### SOURCE MATERIAL
☆ ☆ ☆ ☆ ☆ ☆ ☆
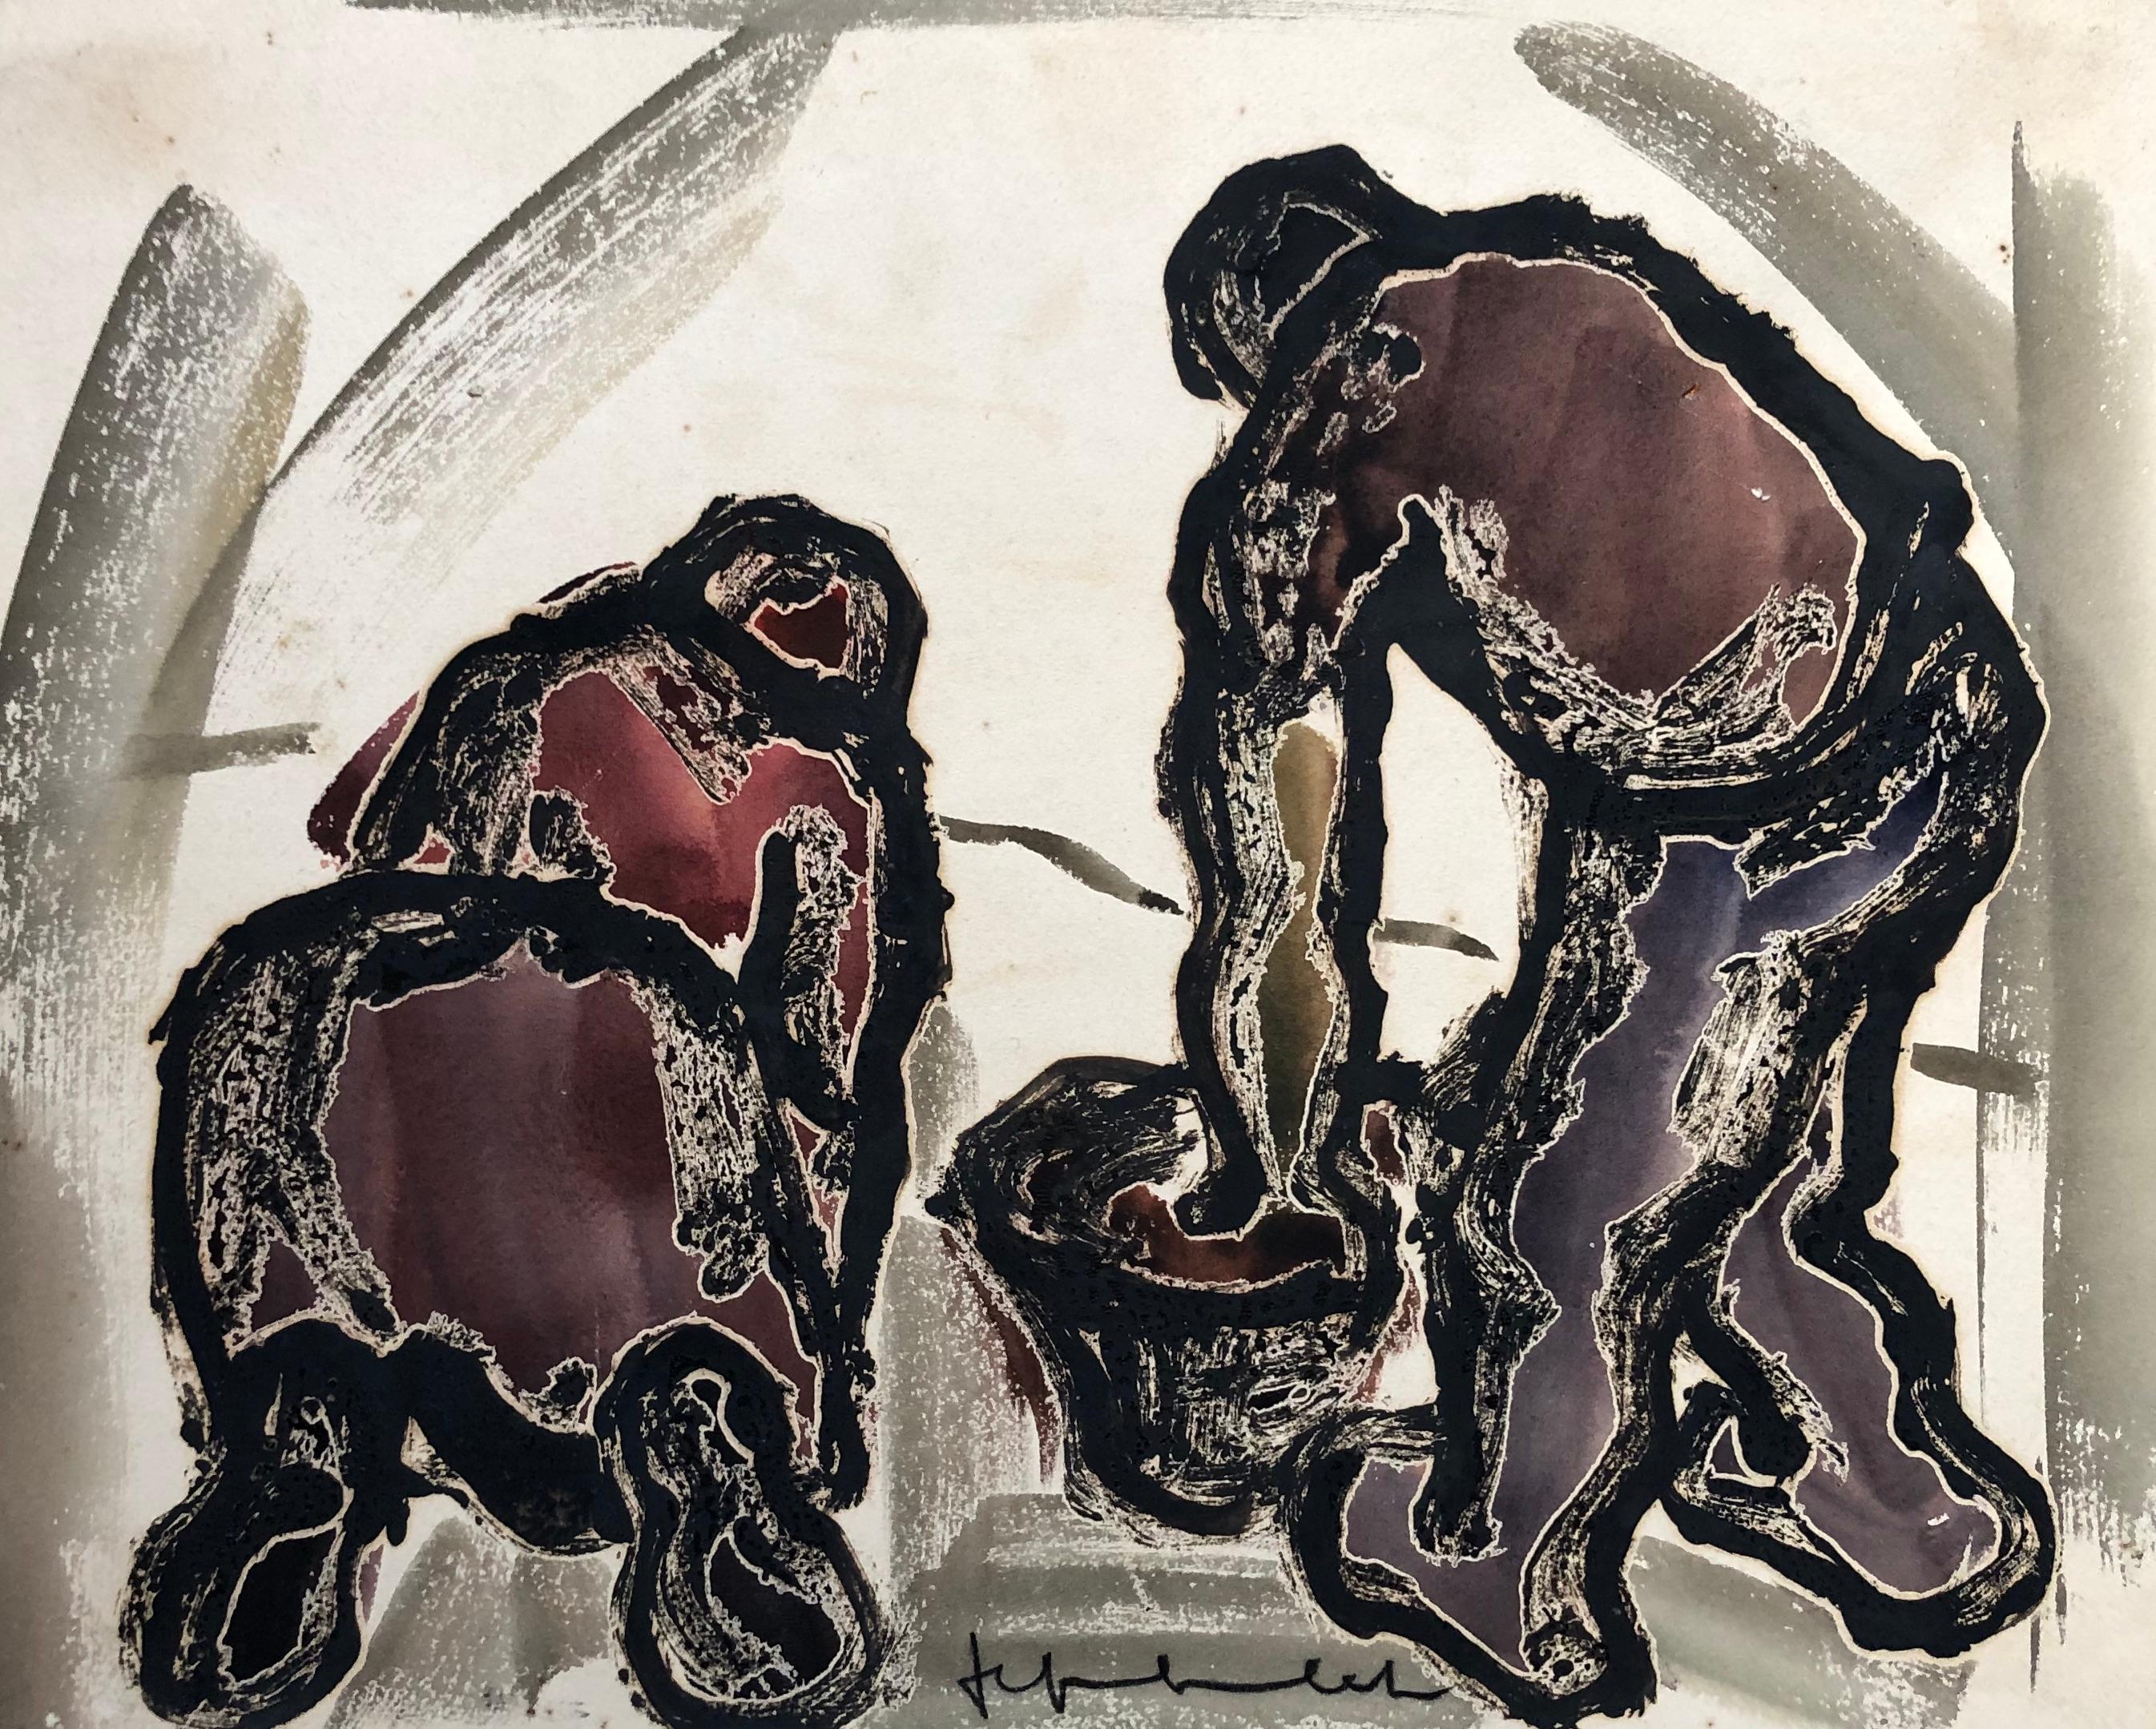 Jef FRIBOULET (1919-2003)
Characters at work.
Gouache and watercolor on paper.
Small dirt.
☆ ☆ ☆ ☆ ☆ ☆ ☆
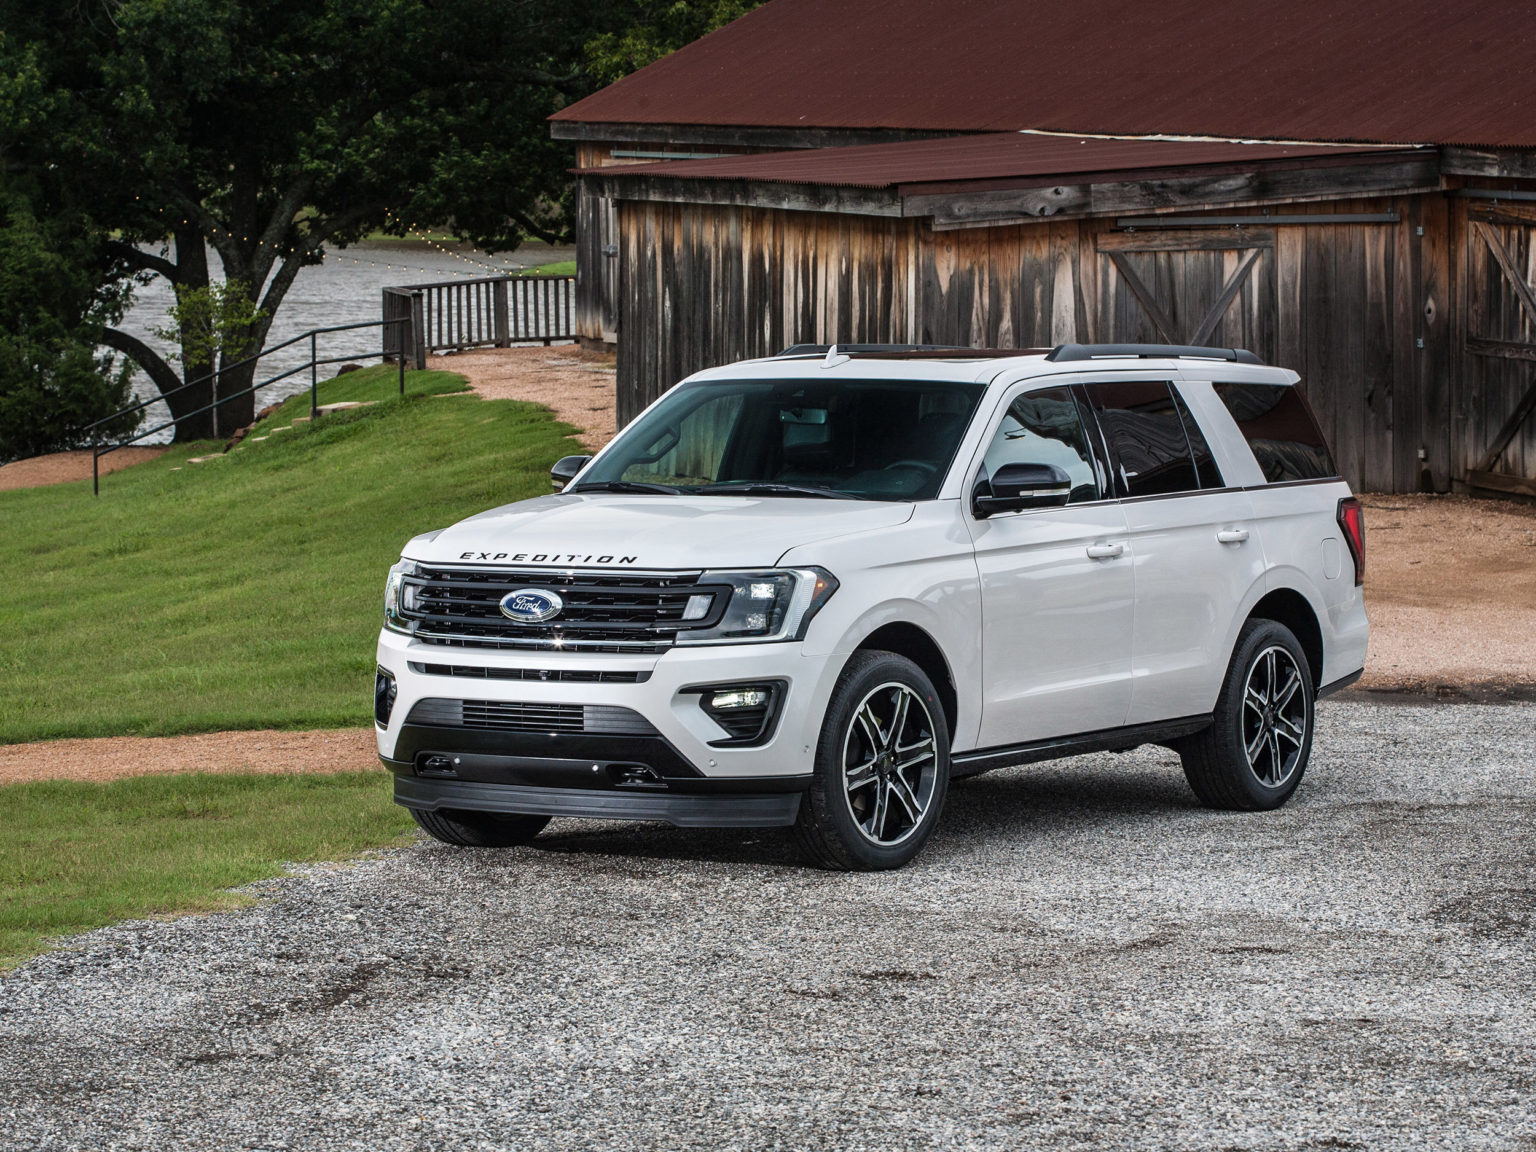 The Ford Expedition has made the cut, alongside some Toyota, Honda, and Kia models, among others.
☆ ☆ ☆ ☆ ☆ ☆ ☆
### WORK TO COMPLETE
There is a run of lines above from the one with "Characters at work." to the one with "Small dirt."; print exactly that run, both ends included, and nothing else.

### EXERCISE OUTPUT
Characters at work.
Gouache and watercolor on paper.
Small dirt.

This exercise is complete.